I am familiar with the steric argument, though I have difficulty in understanding it. If I assume the stereoelectronic requirement for a reaction with an alkoxide is linear, then I cannot see how t-butoxide would be more sterically demanding than methoxide. The reaction of an acetylide with a secondary halide gives elimination. Acetylide is generally regarded as having a low steric demand, though a more basic reagent. This begins to make me think the basicity may be a bigger issue than a steric argument. (I am only saying this in trying to understand the chemistry, if asked on a test, the correct answer is 'steric'). In my book, I used the ratio of substitution to elimination for a reaction of t-butoxide with 1-bromooctadecane. The major product is elimination, but substitution also occurs.
I focused on the differences in elimination reactions. I thought that Zaitsev elimination reaction products were E1-like even though E2-kinetics. I argue a neighboring carbocation would allow a shift of electrons from the most electron rich carbon would give the most substituted alkene. A similar analysis of a Hofmann elimination may leave one to think that an ammonium salt would be less electron withdrawing than an equivalent bromide or iodide, less carbocation-like and that would give a Zaitsev product. In that case, the elimination can seem to be more dependent on the CH acidity and give the least substituted alkene.
The best example I could find with t-butoxide v ethoxide is the reaction of 1-chloro-1-methylcyclohexane. Ethoxide will give 1-methylcyclohexene, the Zaitsev product. t-Butoxide will give methylenecyclohexane, a Hofmann product. Bromo and iodide give mainly the Zaitsev product. I reason that chloro is less electron withdrawing and can allow the reaction of t-butoxide to discriminate favoring the acidity of the CH3-group leading to the methylenecyclohexane.

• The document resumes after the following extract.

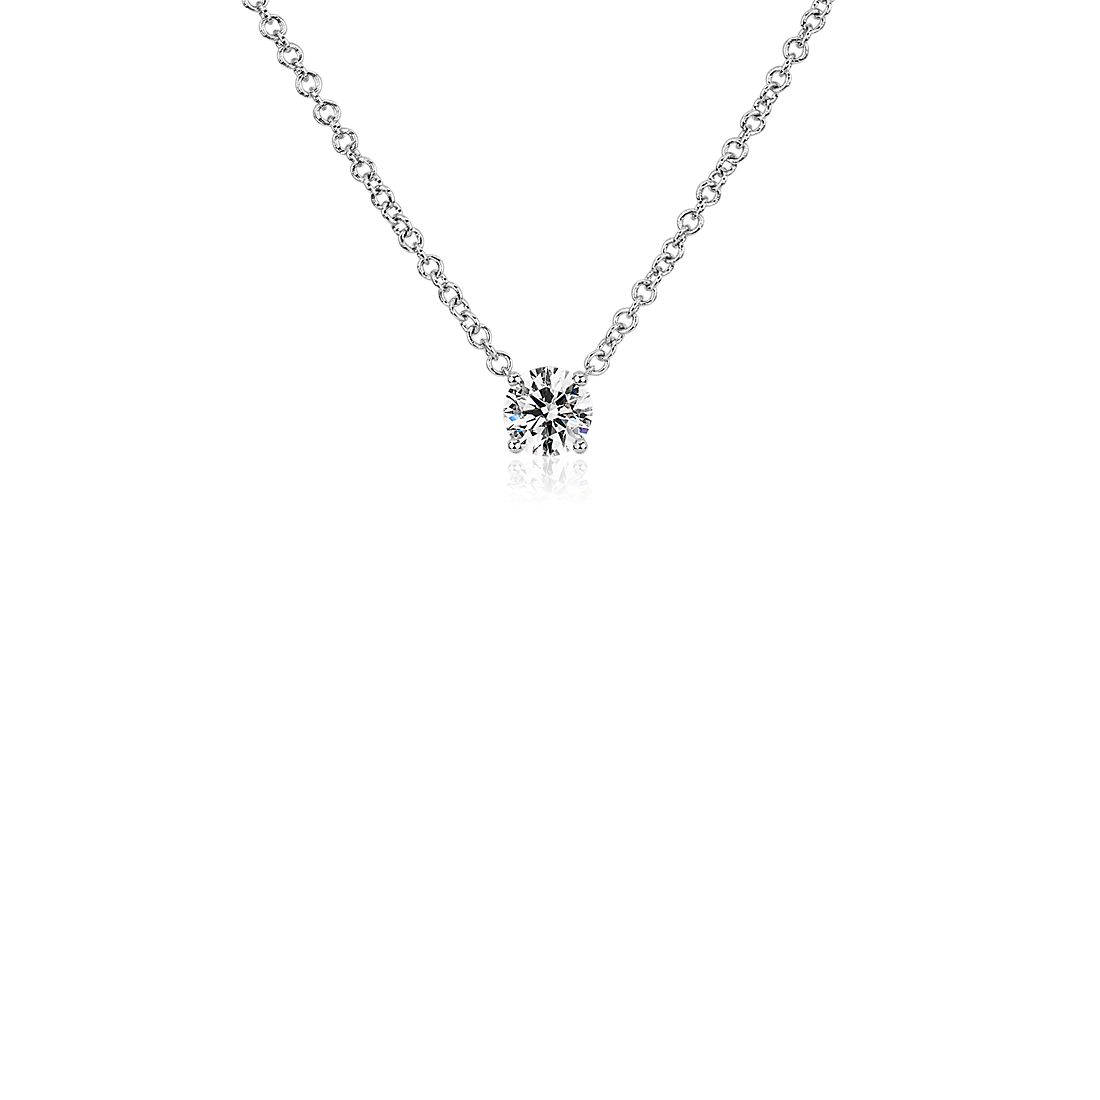 Lab Grown Diamond Floating Solitaire Pendant in 14k White Gold (0.23 ct. tw.)

I realize I have not and cannot answer the question directly. The best I can do is to report on some of the differences I have found. Questions of A gives B and C gives D are difficult to correctly analogize. In my manuscript, I have dealt with similar problems and have reached different opinions that one might have found in textbooks. I don't think one can make a direct comparison. How does one gauge the effect of the change in solvent for example? How could a solvent change the effect of the reagent?